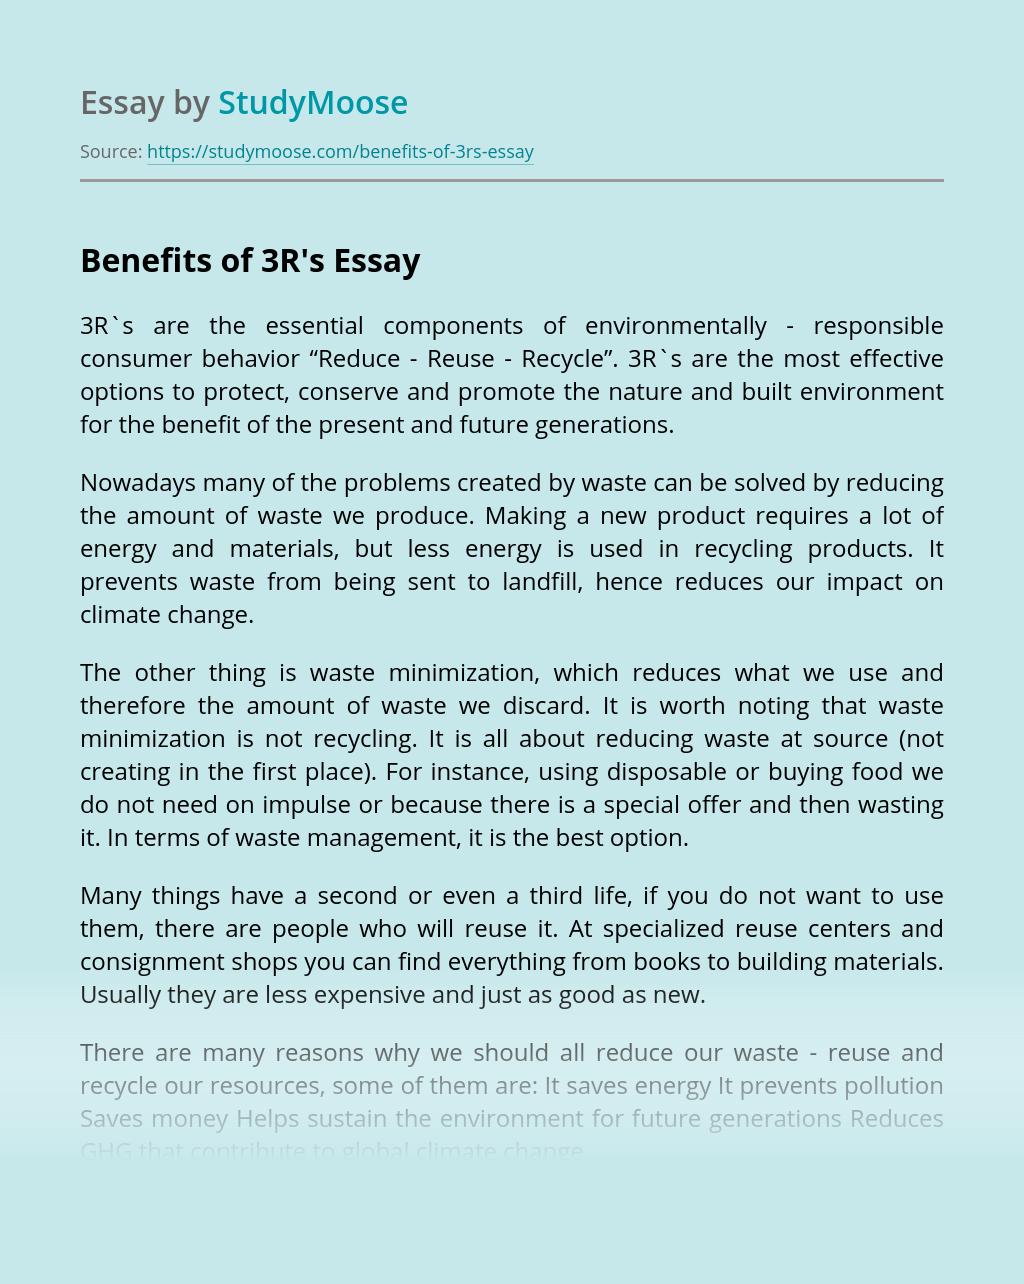 Benefits of 3R's
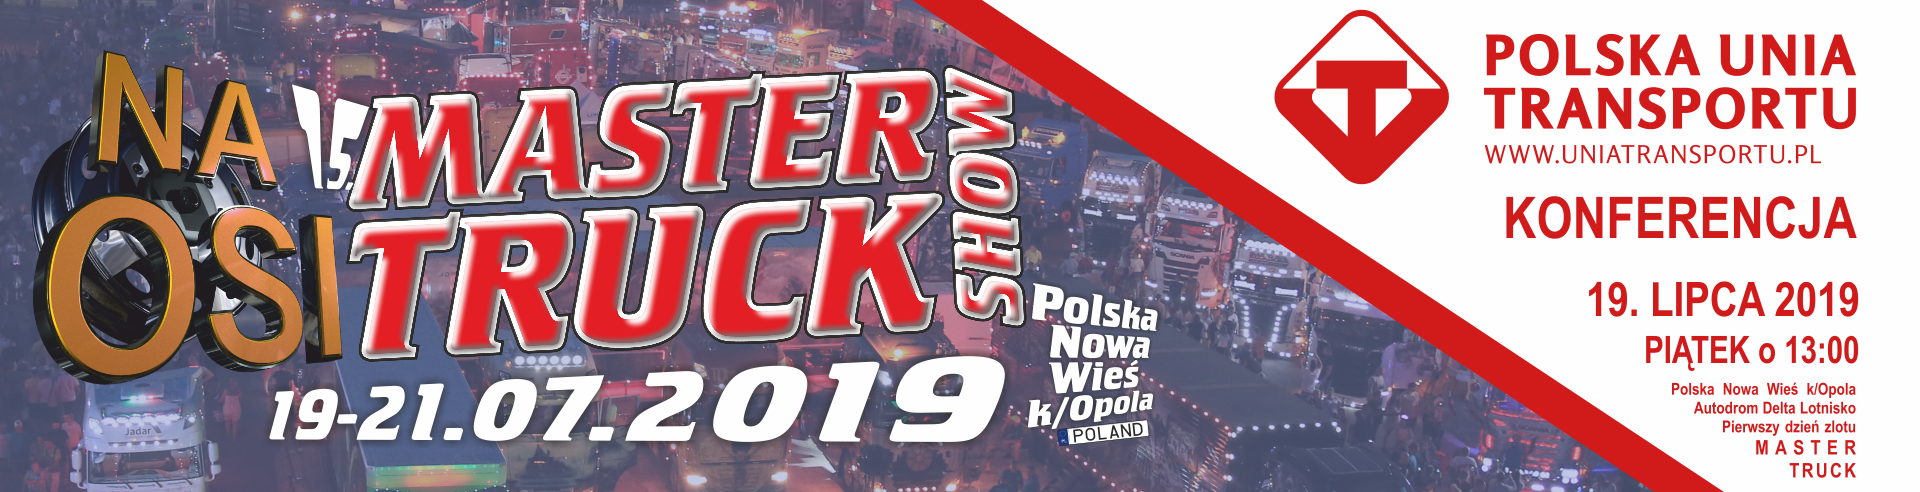 Konferencja Master Truck
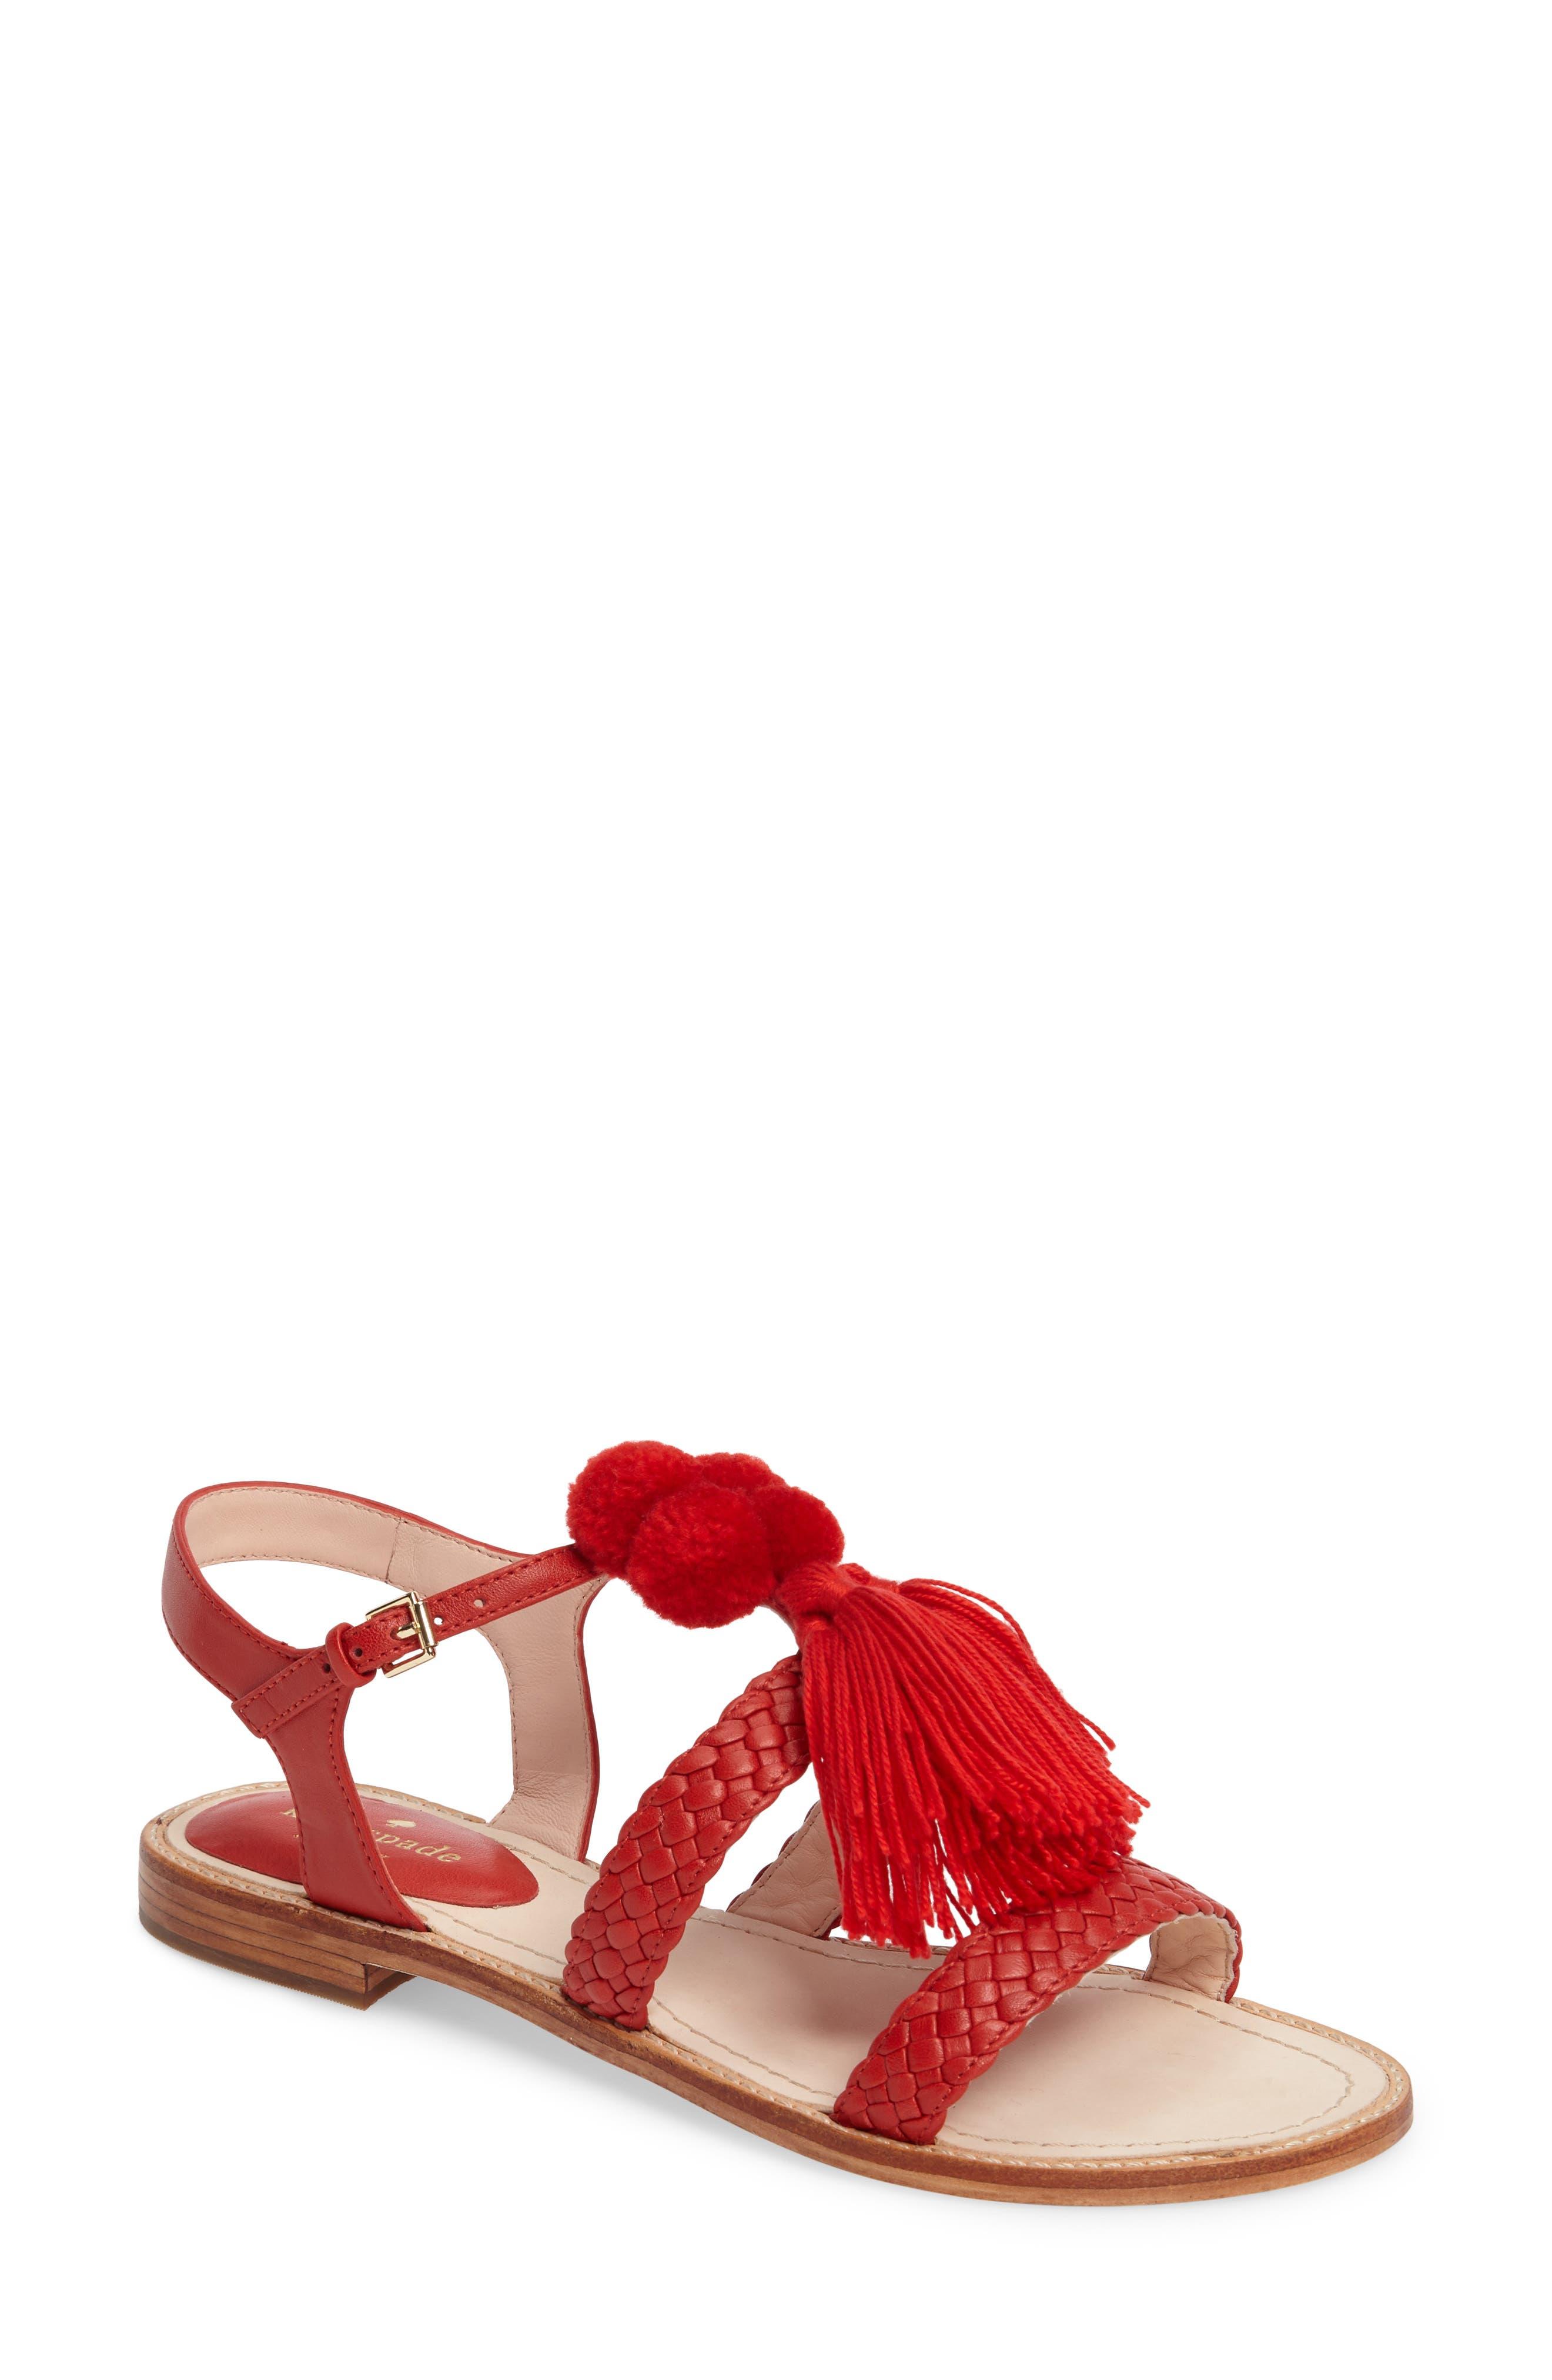 KATE SPADE NEW YORK sunset flat sandal

#### [THE TASK]
From the line containing "Konferencja Master Truck" down to the final line of the listing above, write out only those lines exactly as they are, minus the pictures.

#### [REPLY]
 Konferencja Master Truck
 KATE SPADE NEW YORK sunset flat sandal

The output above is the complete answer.